GitHub - NCBI-Hackathons/chervil: A detection algorithm for expression features that correspond to previous viral infection

Computational Human Endogenous RetroViral Infection Labeler (CHERVIL) is a pipeline for the detection of endogenous retroviral expression patterns that correspond to current or previous viral infection.

This project was developed at the Rocky Mountain Genomics HackCon 2018 by Benjamin Lee (team lead), Jeremy Ash (team lead), Corinne Walsh, and Grant Vagle with support from Ben Busby and Michael Crusoe.

What is CHERVIL and why do we need it?

Human endogenous retroviral elements (HERVs) are retroviruses that have integrated themselves into the human germline. Usually, they remain latent in the human genome.
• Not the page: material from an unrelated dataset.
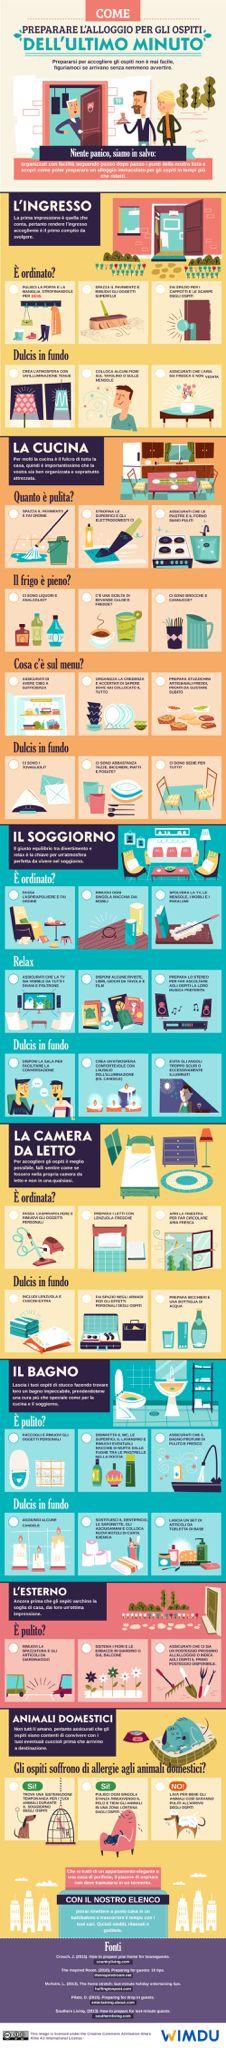 Come preparare la casa per gli ospiti all'ultimo minuto!  http://www.crealacasa.it/come-preparare-lalloggio-per-gli-ospiti.php

However, previous work suggests that some HERVs become actively transcribed upon viral infection.

CHERVIL builds on an existing pipeline built for HERV expression quantification, RetroSpotter, and adds on a machine learning component to identify patterns in HERV expression indicative of pre-symptomatic or historic viral infection.

How it works

At a high level, there are two major phases of the CHERVIL pipeline.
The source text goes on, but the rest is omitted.